* **Task goal**
Any images in the material are to be dropped while every line is retyped exactly.
====== Supplied data
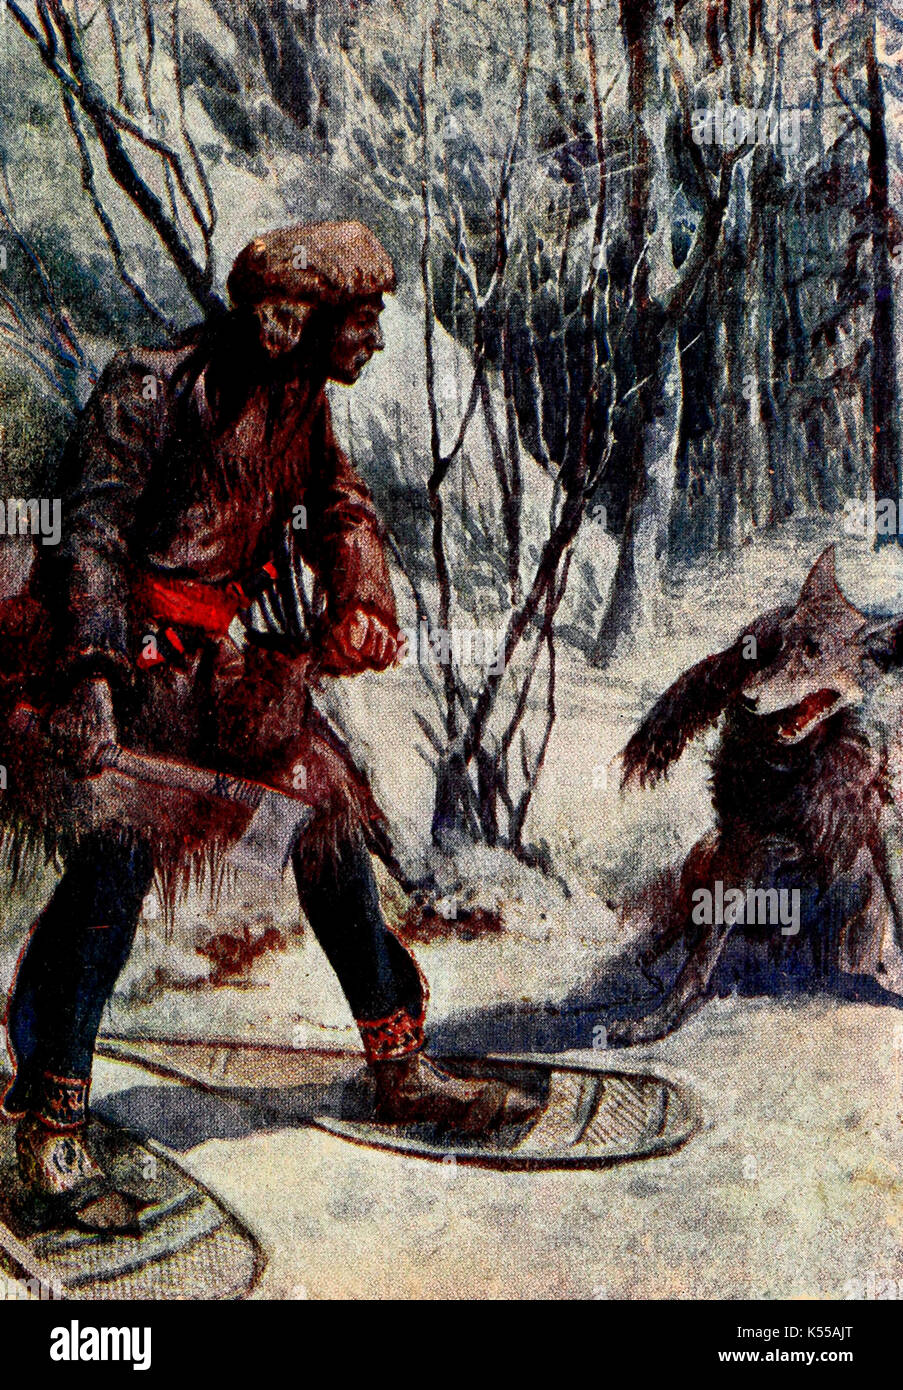 A large wolf bounds towards him, landing almost at his feet - Fur trapper being attacked, circa 1700 Stock Photo
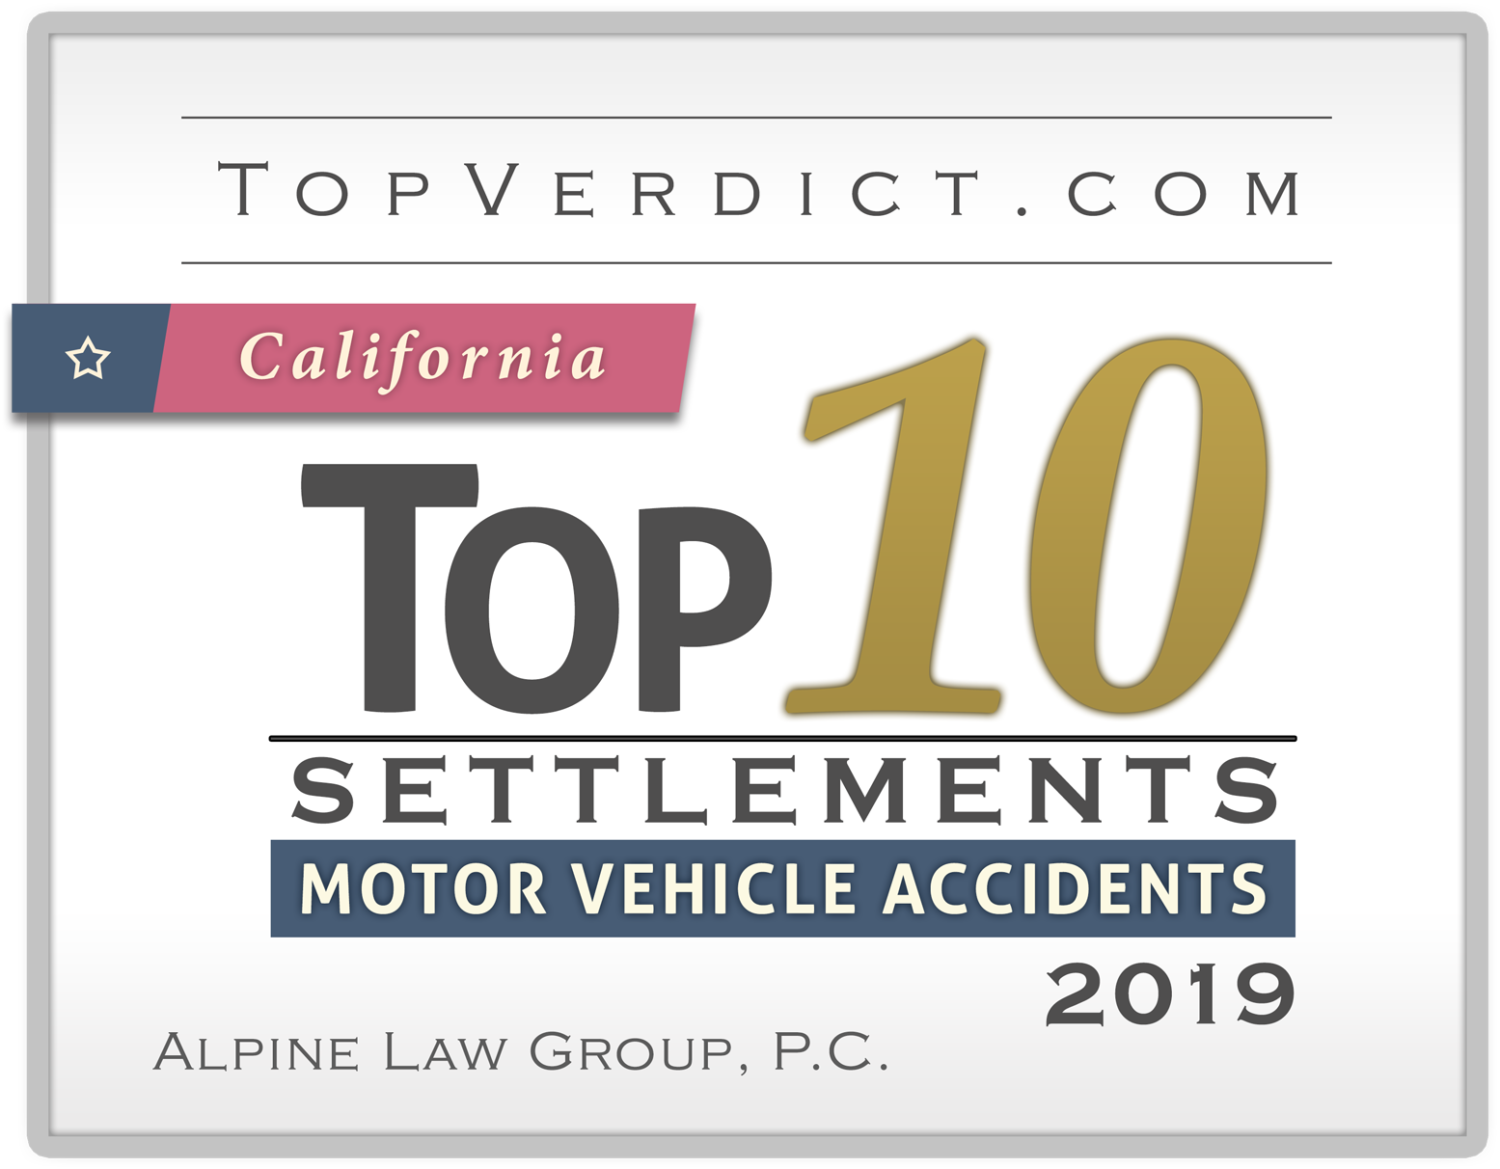 Top 10 Settlement Motor Vehicle Accidents
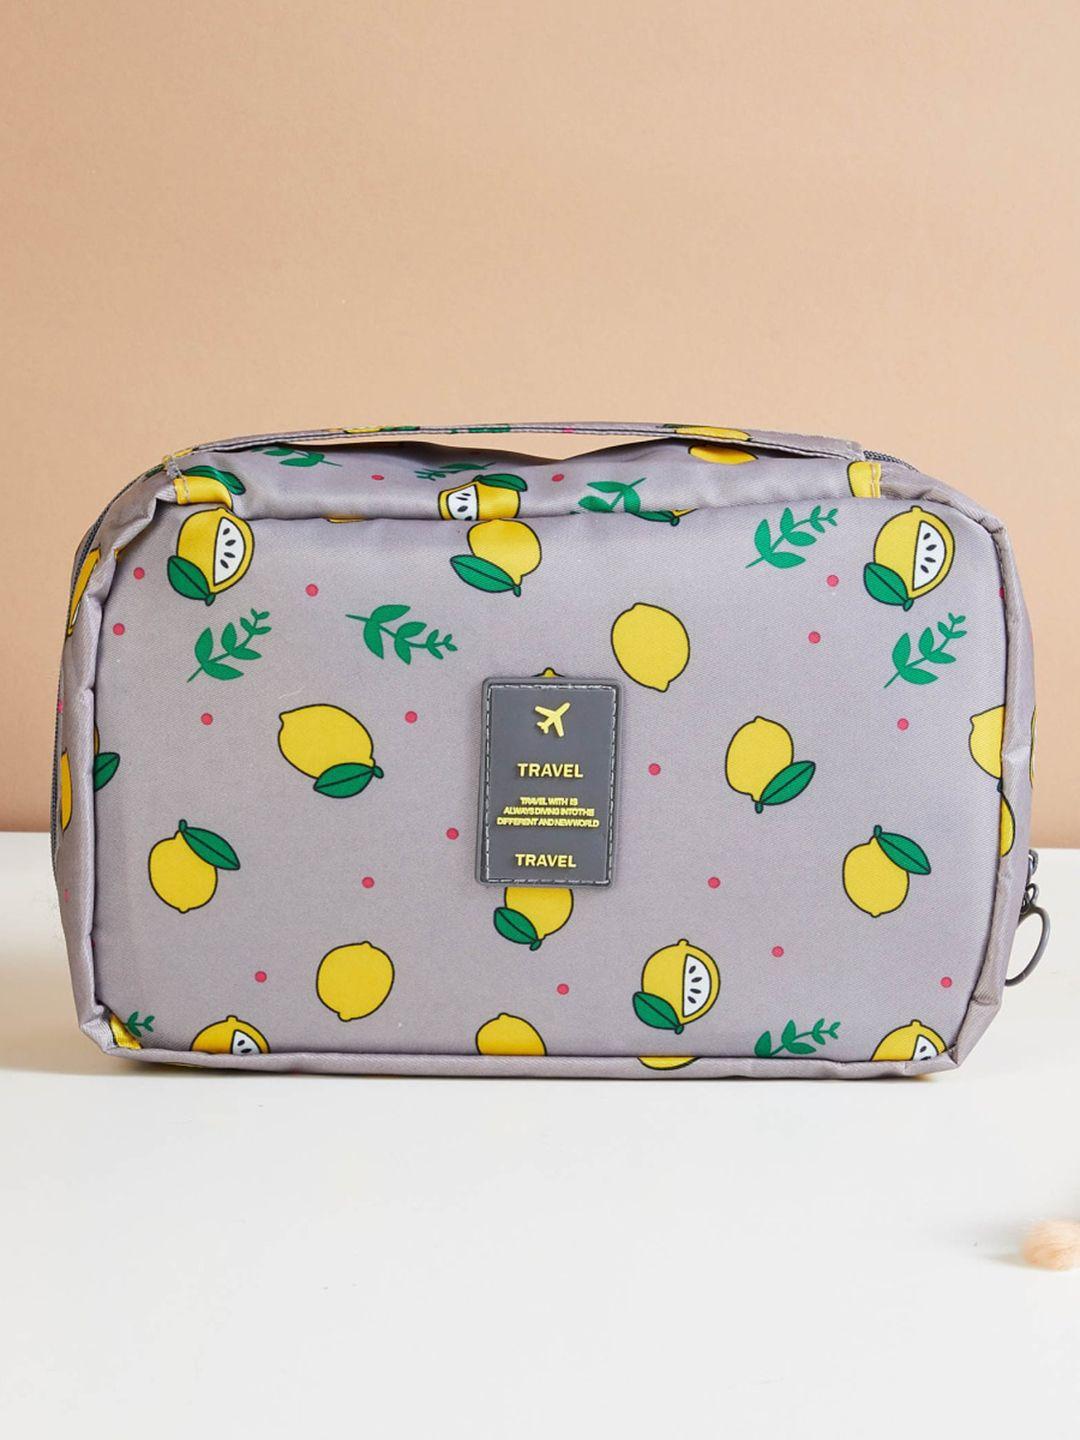 home centre corsica eclipse grey & yellow printed makeup kit travel pouch
============
* **Reply to the task**
 A large wolf bounds towards him, landing almost at his feet - Fur trapper being attacked, circa 1700 Stock Photo
 Top 10 Settlement Motor Vehicle Accidents
 home centre corsica eclipse grey & yellow printed makeup kit travel pouch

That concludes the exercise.